A worker finishes installing solar panels funded by federal stimulus money in October 2010, in Lakewood, Colo. (John Moore/Getty Images)

As we noted on Monday, the nonprofit investigative outlet California Watch has a new story out on how large corporations like Boeing, BP and Rio Tinto have secured tens of millions in stimulus dollars despite previous pollution fines and alleged fraud, with Boeing actually getting a contract to monitor a site it was previously fined for polluting.

It’s just the latest story in a category that interests us: past transgressions by contractors that have become stimulus winners. We plan to keep scrutinizing firms in this second year of stimulus spending. If you’ve spotted other contractors with past misconduct, e-mail us.

ProPublica first reported on the issue last May, uncovering the fact that companies getting millions in stimulus cash had been fined for pollution and environmental destruction or investigated for refusing to hire black employees. One stimulus contractor had been rebuked for poorly screening interrogators who later abused prisoners at Abu Ghraib.
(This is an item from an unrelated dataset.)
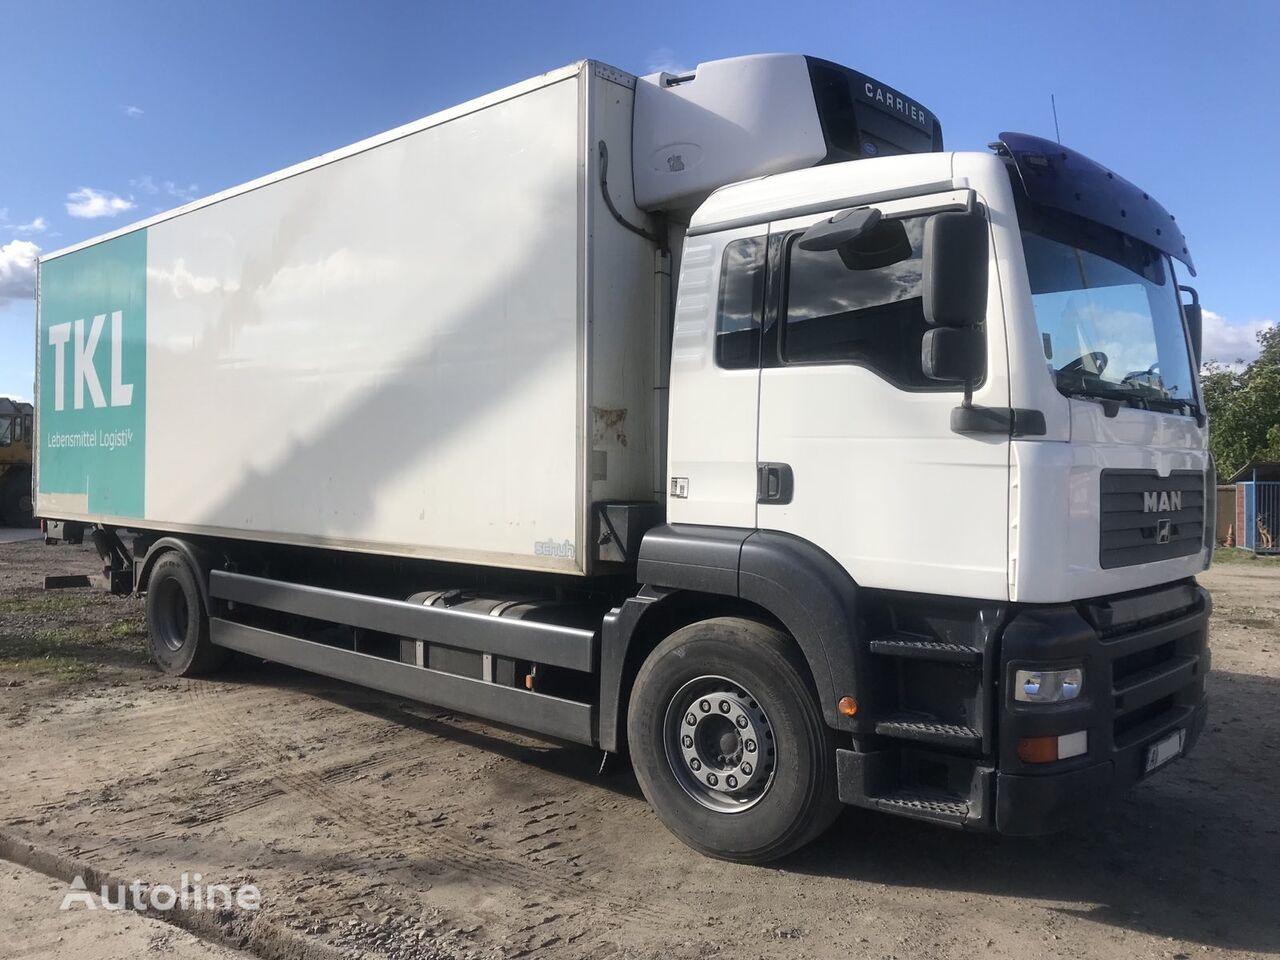 MAN TGA 18.310 Refrizherator Carrier -30 45m Povne pnevmo! camión frigorífico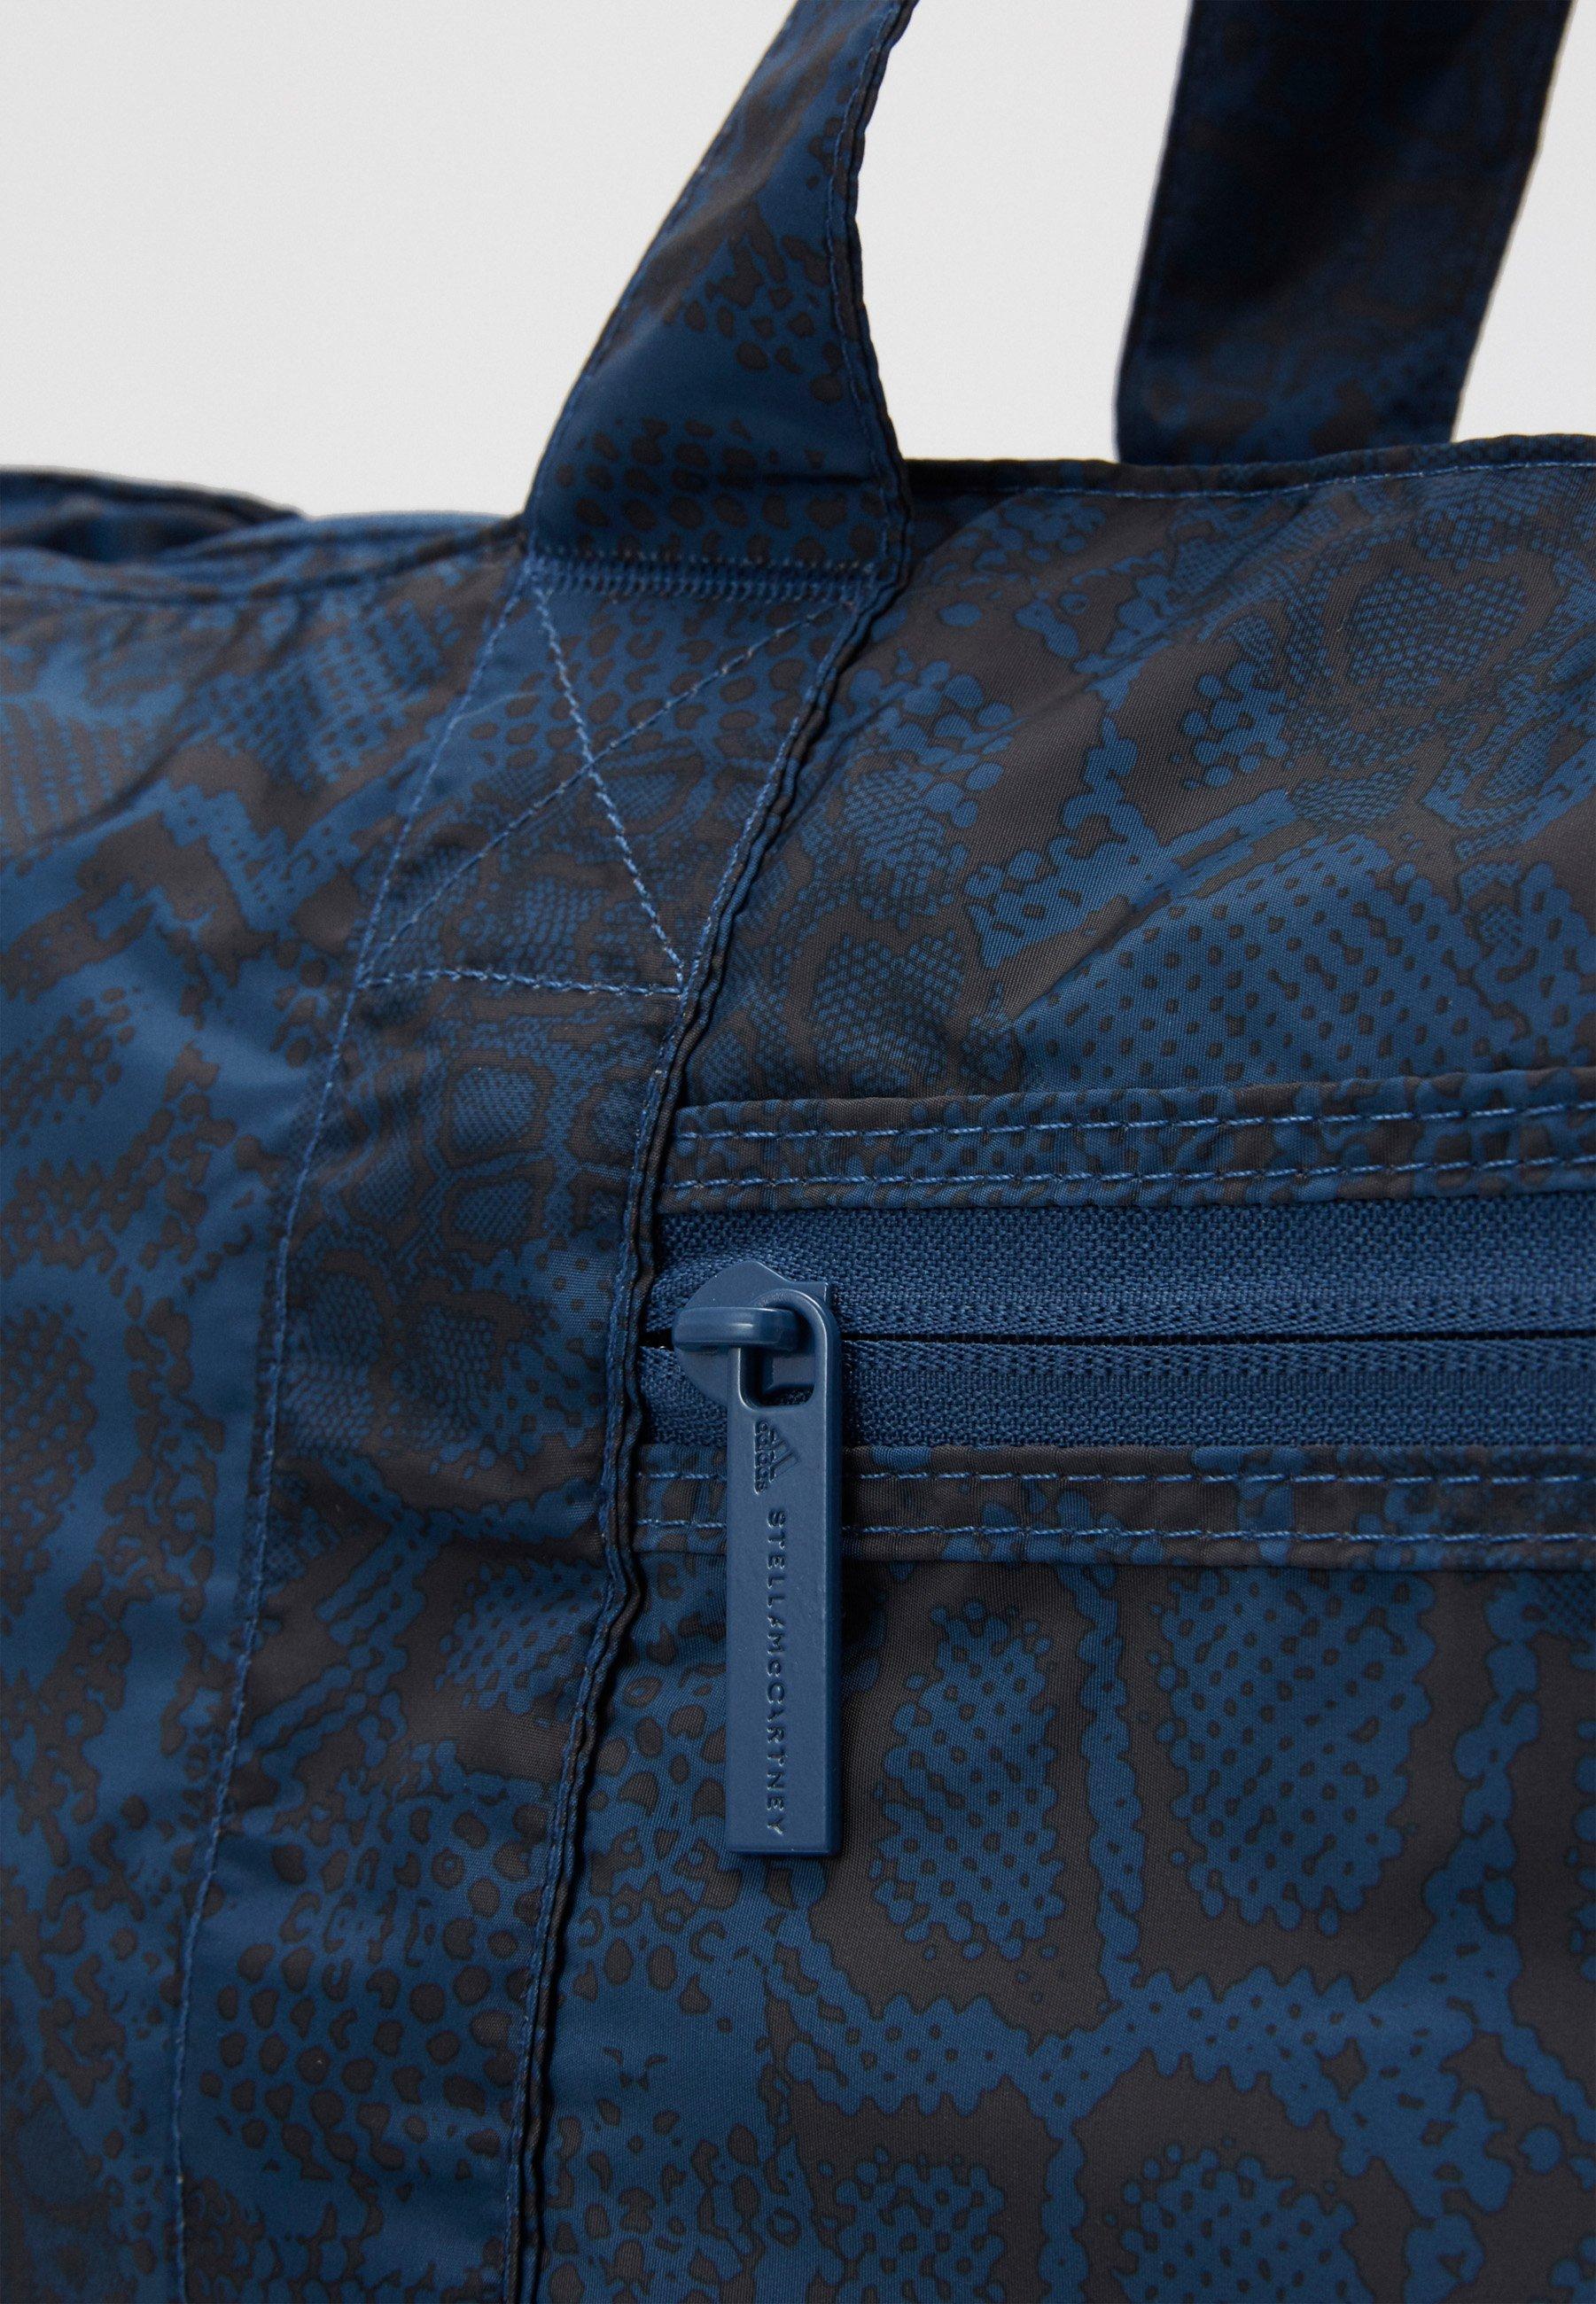 Adidas By Stella Mccartney Large Tote - Sports Bag Blue/black/white

Last September, The New York Times examined local companies receiving stimulus funds, finding that the construction firm Bovis Lend Lease LMB had received a $6 million grant despite having been the subject of two recent criminal investigations involving a 2007 fire that killed two New York firemen.

In October, ProPublica reported that six companies got nearly $30 million while under federal criminal investigation for fraud. Separately, The Washington Post reported that $1.2 billion in stimulus funds had gone to companies in the Project on Government Oversight’s contractor misconduct database, which tracks violations and lawsuits involving the 100 largest federal contractors. One of the companies, Honeywell International, has been sued by the Justice Department, accused of costing the government millions of dollars by selling the Department of Defense and the Department of Homeland Security faulty bulletproof vests.

In December, the New England Center for Investigative Journalism at Boston University found that "13 of the 21 companies that had been awarded transportation stimulus contracts in Massachusetts as of Sept. 20 have a history of law breaking." These companies received a combined $54 million in funds.